# Happy (day after) Birthday, Botanique!



## phoebe (Jul 3, 2002)

Happy Birthday new friend! :bounce: Sorry I'm a day late, but Turkey-day took all my attention :beer:  
You are such a wonderful addition to ChefTalk. I'm so glad you're here.
So did you have birthday cake with cranberry sauce?


----------



## botanique (Mar 23, 2005)

Emily, I am really (really!) touched. Thank you so much. Even brought a tear to my eye barrooooooo!  I am so grateful that I found ChefTalk.

I spent the day in the kitchen, and that was allright by me!
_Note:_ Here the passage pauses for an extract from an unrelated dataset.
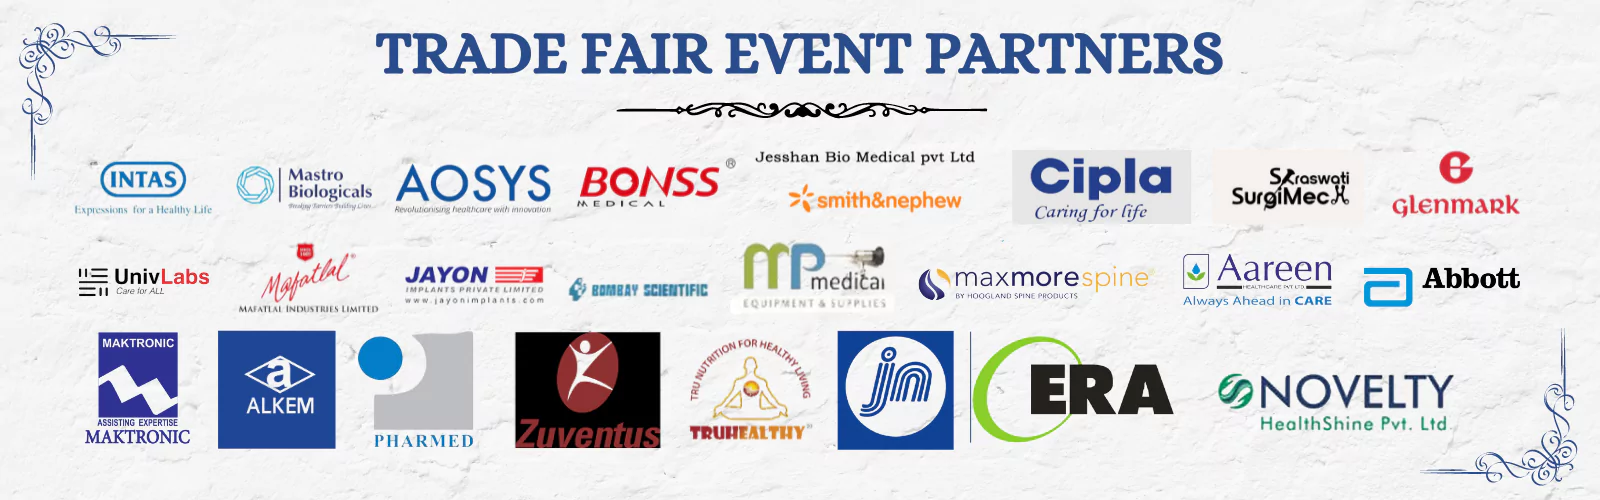 Trade Fair Event Partners

Best place in the world, especially now that I am almost 100% again! I made the most incredible stuffing -- it was an accident really.... I'll write down the recipe and share in a bit. My cranberry sauce was actually pretty kickin' too, but I didn't have a cake  The kitchen dogs all got lots of Thanksgiving scraps and woopses, so they are happy clams today. I am finally finished with the mounds of dishes and am making soup for my infirmed husband who decided to fly off his motorcycle and introduce his backside to a tree (nothing broken thank God!). All in all though, it is a beautiful day here on the delta after a lovely morning of mist and leaves falling. MUCH to be thankful for!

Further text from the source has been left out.